▶ _WHAT THE TASK REQUIRES_
Please give back the lines from the line containing "Healthy Thanksgiving Desserts" through the end of the listing below, exactly as written and without pictures.

▶ _THE DATA_
╭──

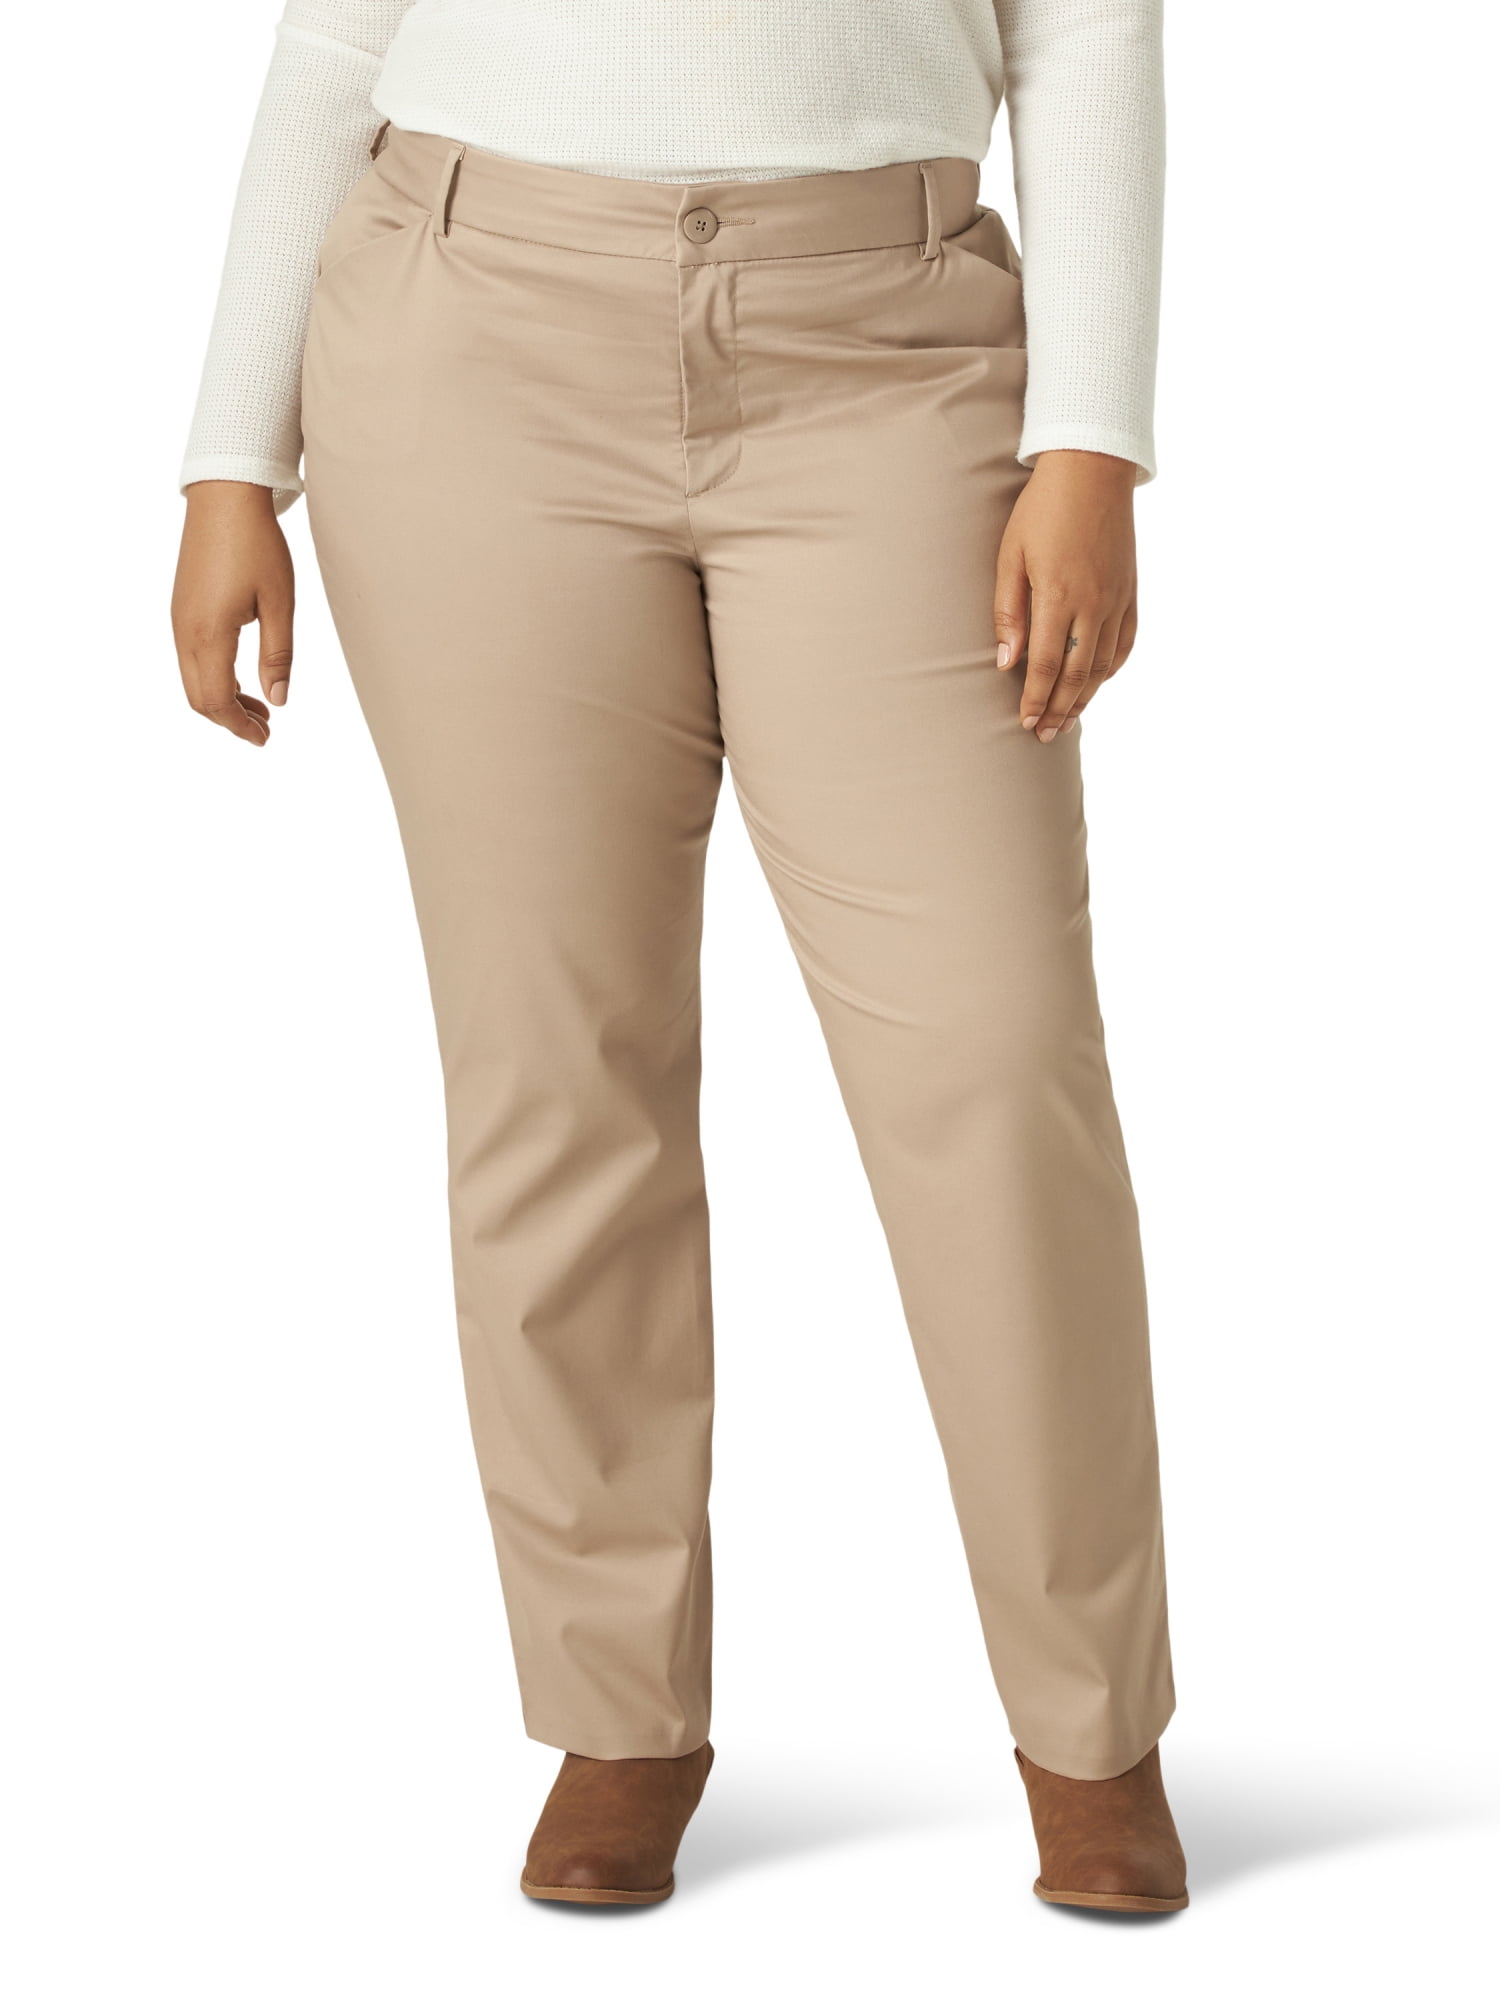 Lee Women's Plus Wrinkle Free Relaxed Fit Straight Leg Pant
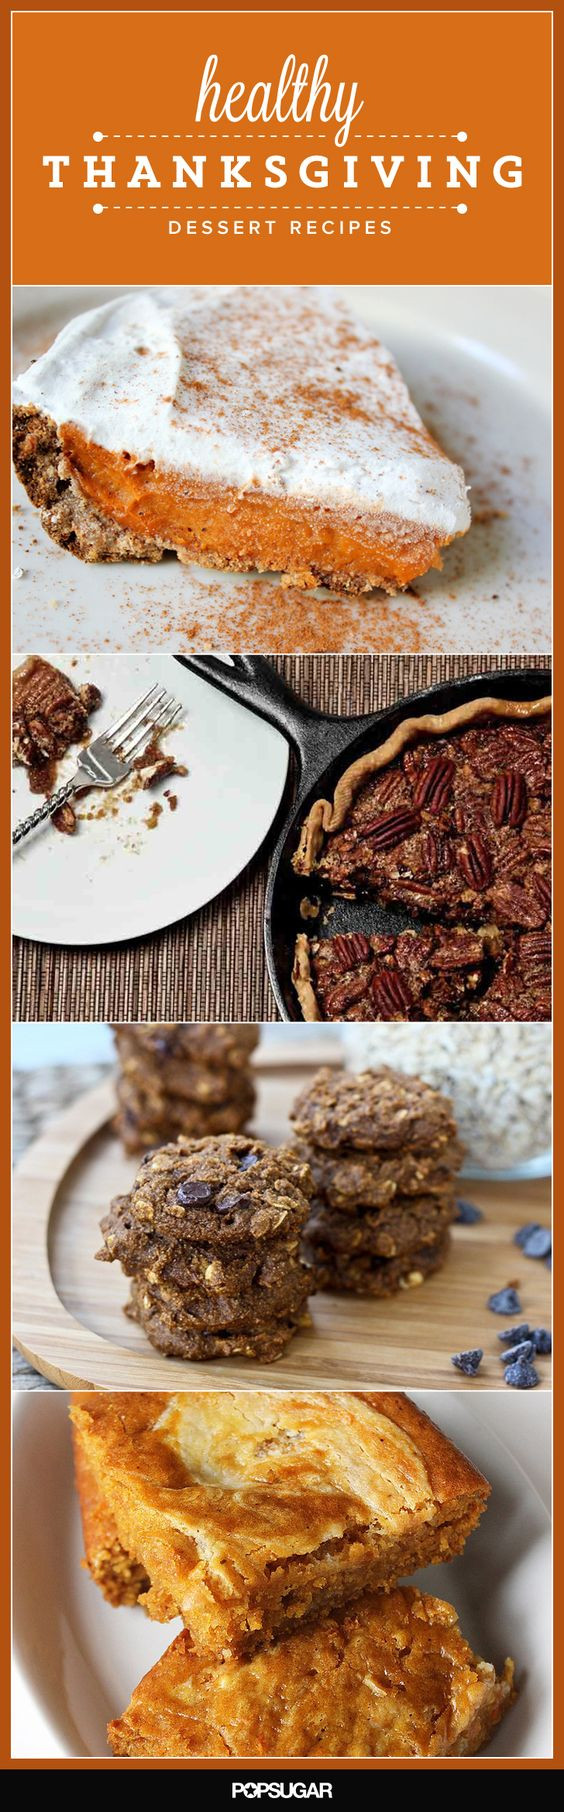 Healthy Thanksgiving Desserts
 20 Healthy Desserts For Your Thanksgiving Feast
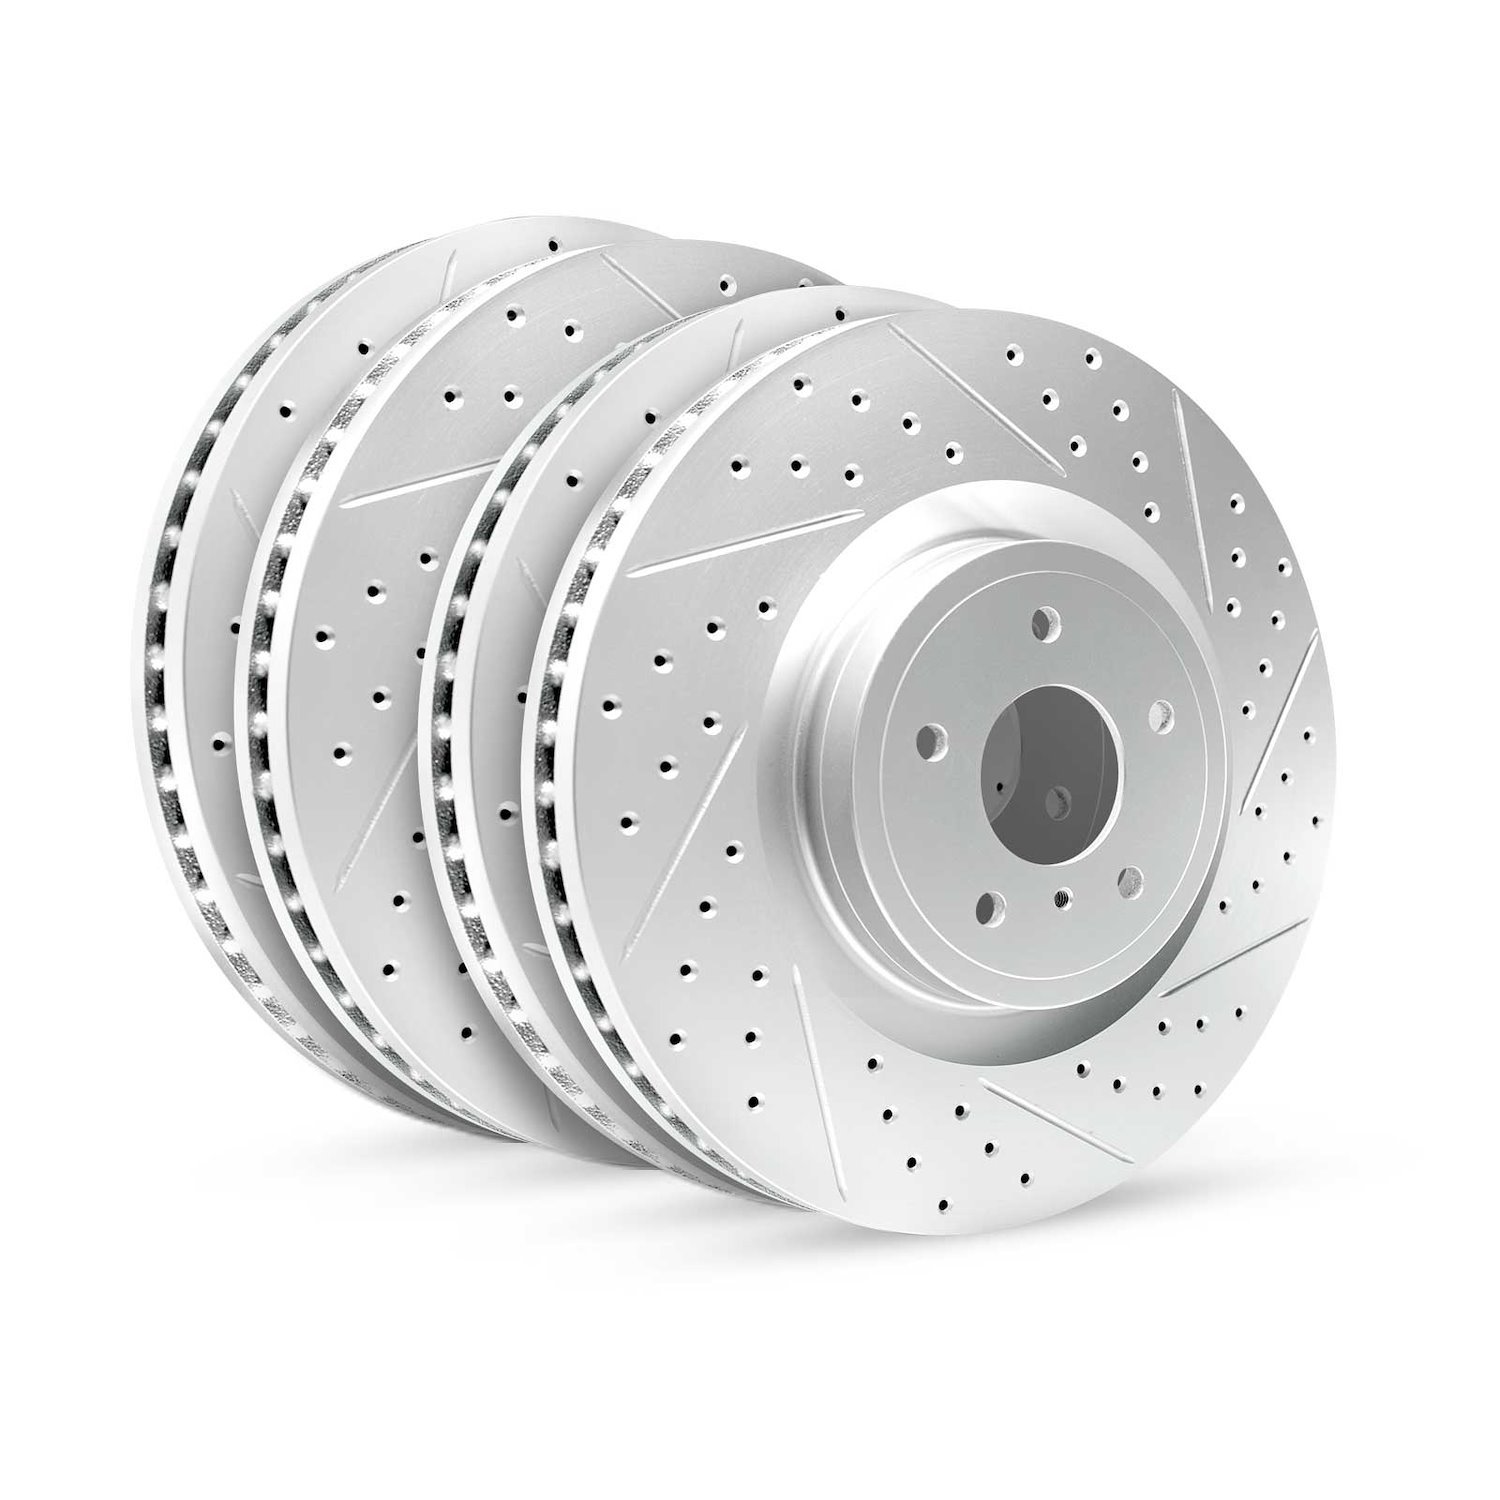 GEO-Carbon Drilled/Slotted Rotors, 2006-2009 Land Rover, Position: Front/Rear

╰──

▶ _ANSWER SECTION_
 Healthy Thanksgiving Desserts
 20 Healthy Desserts For Your Thanksgiving Feast
 GEO-Carbon Drilled/Slotted Rotors, 2006-2009 Land Rover, Position: Front/Rear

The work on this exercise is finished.